In the December 1926 issue of The Crisis, Du Bois titled his Christmas reflection “Peace.” And the cover that month featured an Aaron Douglas piece titled “And there were in the same country shepherds abiding in the fields.”
Taking his text from Luke 2, out of which the traditional Christmas story comes, Du Bois rewrote the biblical text to fit an early twentieth century context—where life intersected with labor, war, greed, technology, internationalism, wealth, and poverty.
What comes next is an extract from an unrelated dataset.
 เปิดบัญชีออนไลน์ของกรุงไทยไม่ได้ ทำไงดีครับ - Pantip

The story, of course, begins with shepherds keeping watch over their flocks in the fields at night, “ignorant, black and striving shepherds—poor silly sheep all a-crying, in the gloom; field of harm and hunger.” Du Bois customarily wrote of striving black souls hard at work, and in the next moment the Angel of the Lord showed up to announce the good news of the Savior’s birth. “And lo, the angel of the Lord, Mahatma Gandhi, came upon them, brown and poor and the glory of the Lord shone round about them and they were sore afraid.” Universal in scope, the message the Lord’s angel brought “shall be to all people and nations and races and colors…for unto you is born this day in the city of David a Saviour which is Peace.”
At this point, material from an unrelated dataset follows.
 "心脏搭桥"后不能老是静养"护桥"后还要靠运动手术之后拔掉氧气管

And what will be the sign of peace, Du Bois queried, and where will it be? “Ye shall not find Peace in the Palaces and Chancelleries, nor even in the League of Nations and last of all in the Church; but wrapped in swaddling clothes and lying in a manger, down among lowly black folk and brown and yellow and among the poor whites who work.”
In the story the shepherds responded: “War was, is and ever will be,” they cried. “Wealth rules. God is with the big guns and the largest armies; the costliest battleships, the swiftest airplanes and the loudest boasters of superior races.”
Du Bois ends the story with the appearance of a “lone, lean, brown and conquered angel” accompanied with “a multitude of the Heavenly Host praising God and saying, Glory to God in the highest and on earth, Peace!”
Once again, with Du Bois, salvation comes from the brown, black and lowly; the marginalized pronounce peace, forgiveness, wholeness, and redemption.